The Financial Times this weekend has published one of my articles, about how most of my Christmas recipes have been infiltrated by Chinese ingredients and cooking techniques. Even that archetypal English staple, mince pies – for years now, I have made them in the shape of Chinese jiaozi dumplings. If you follow this link to the FT website, you will be able to see some lovely colour photographs of a salad made with leftover turkey and some jiaozi mince pies. Otherwise, here are the basic recipes:
Chinese mince pie dumplings
In the photographs you will see two different kinds of mince pie dumpling. The plainer kind is wrapped exactly like a typical northern Chinese jiaozi, with one side of the wrapper pleated. The other kind is a ‘cockscomb’ dumpling, where the edges are pinched together into a frilly edge. The easiest way to learn to wrap them is to ask a Chinese friend to show you (or perhaps I should put a little video up here on my blog?)
300g plain flour, with some extra for dusting
Pinch of salt
150g unsalted butter, cut into cubes
One egg, beaten
One jar of mincemeat
- Set the oven to 190 degrees centigrade (375 degrees F)
- Stir the salt into the flour in a mixing bowl. Add the butter and rub in with your fingertips until the mixture resembles fine breadcrumbs. (I like to do this by hand, which takes about five minutes, but you can also use a food processor to save time). Add just enough cold water to bind the mixture into a ball of dough. Wrap in greaseproof paper and leave in the fridge for half an hour or so.
- Roll out the pastry fairly thinly on a lightly floured surface. Cut out rounds with a 3” (7.5 cm) biscuit cutter. Place a round in the palm of one hand, add a scant teaspoon of mincemeat, and then draw the opposite edges of the circle together and pleat to make a Chinese dumpling.
- Place on a buttered or non-stick baking sheet. Brush the finished dumplings with beaten egg, prick each once with a fork, and bake in the oven for about 15 minutes, until golden brown.
Makes about 40 mince pie dumplings
Sichuanese turkey salad
The recipe below was concocted during the photoshoot for my FT article, with the help of the photographer, who was enlisted as a food-taster. Don’t feel bound by the exact measurements: mix up your sauce like a vinaigrette, to taste. You might like to add some crushed garlic instead of Sichuan pepper, or to vary the proportions of soy sauce and vinegar. If the meat is a little dry, you can dilute the sauce with a couple of tablespoonfuls of turkey stock.
350g leftover turkey meat
4 spring onions
A little salt
For the sauce:
3 tbsp light soy sauce
1 tbsp Chinkiang vinegar
2 tsp white sugar
1 tsp sesame oil
4-5 tbsp chilli oil, with sediment*
1/2 – 1 tsp ground, roasted Sichuan pepper (optional)

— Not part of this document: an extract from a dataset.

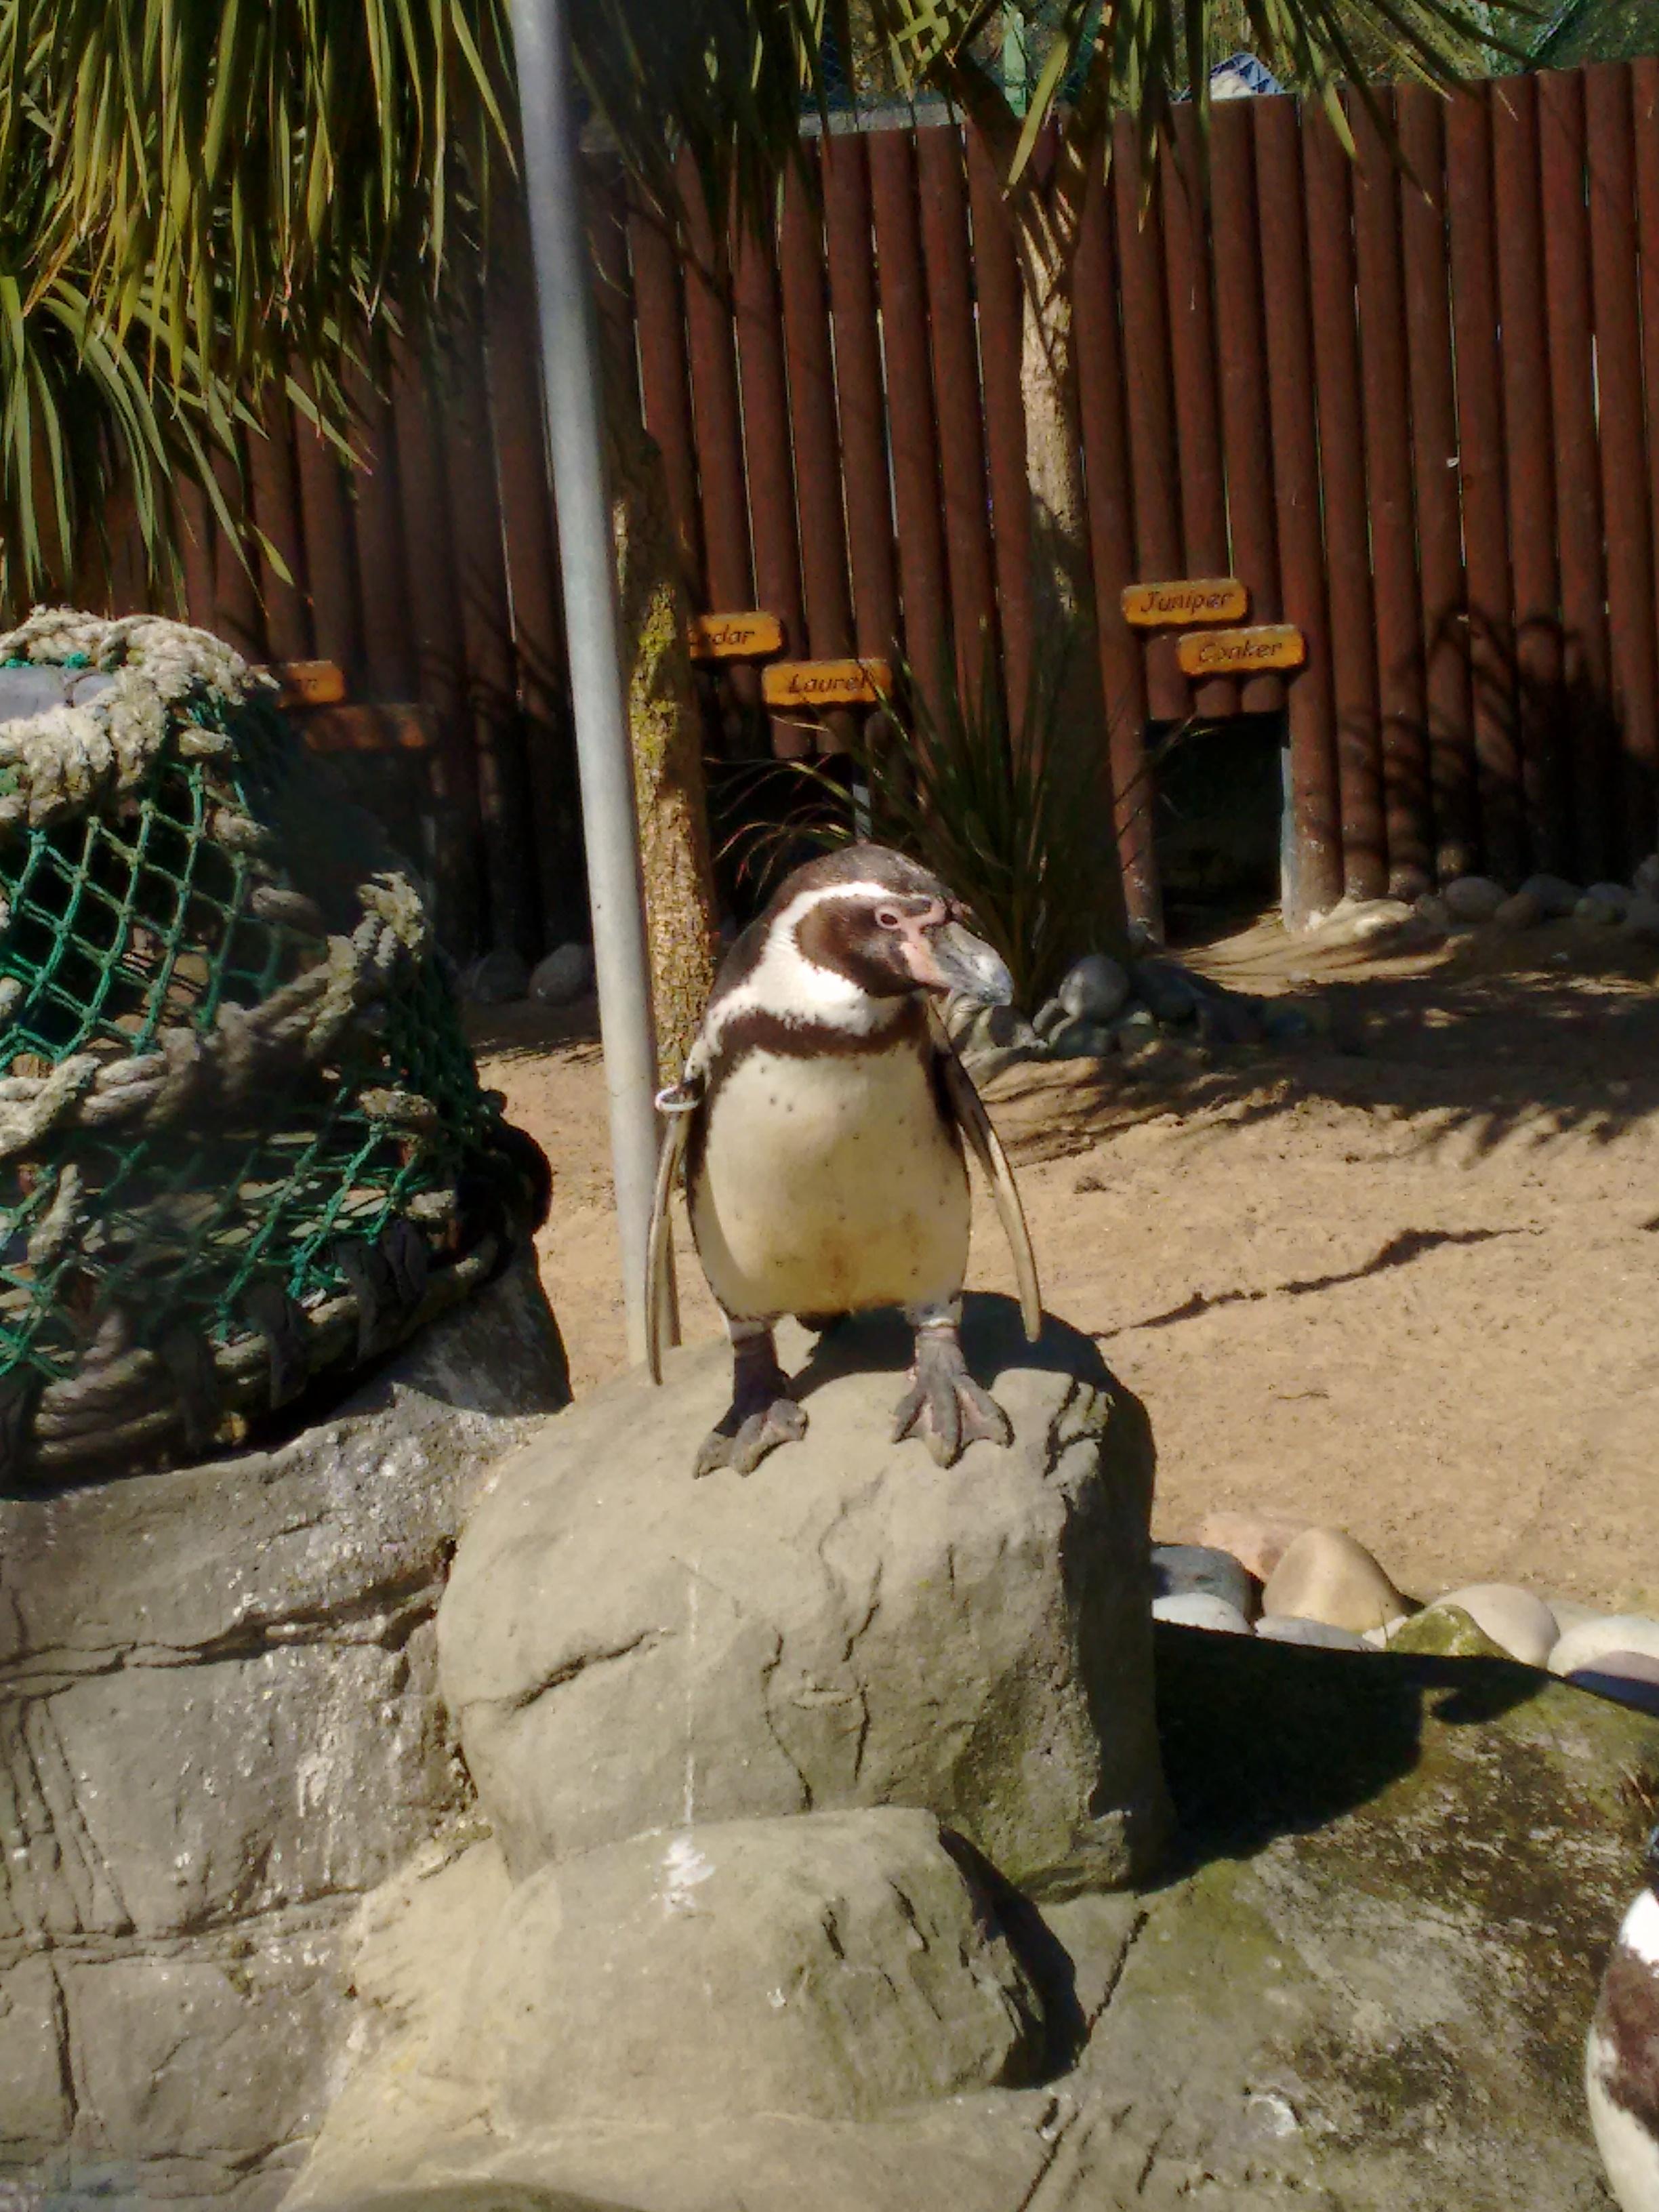 Sea Life Adventure Park - Penguin - Weymouth

- Cut the cucumber in half lengthwise. Scrape out and discard the pulpy centre, and then cut the flesh into thin strips. Sprinkle with a little salt and leave for about half an hour to draw out some of its water.
- Cut the turkey meat into slices and then slivers, or tear it into strips with your fingers. Sprinkle with just a little salt, and mix well. Cut the spring onions at a steep angle into thin slices.
- Combine the sauce ingredients in a bowl and mix well
- Just before serving, put the turkey into a deep bowl. Drain and squeeze the cucumber, and add it to the turkey with the spring onions. Give the sauce a stir, pour it over the turkey and toss everything throroughly together. Pile up on a more elegant dish if desired, and then serve.
Serves 2-4 people, with bread and a couple of other salady dishes
*I make my own chilli oil by heating 550ml groundnut oil to about 200 degrees centigrade, then allowing it to cool to 130 degrees C and pouring it over 100g ground Korean chillis in a heatproof container. The Korean chillies are mild: if you use bought chilli oil that is very hot, you will want to use much less in your sauces.
N.B. the sauce is a variation on one of the classic Sichuanese sauces you can find in the appetisers/cold dishes chapter of my Sichuan Cookery book (a.k.a. Land of Plenty). Any of these sauces can be used to dress leftovers from a roast Turkey or chicken.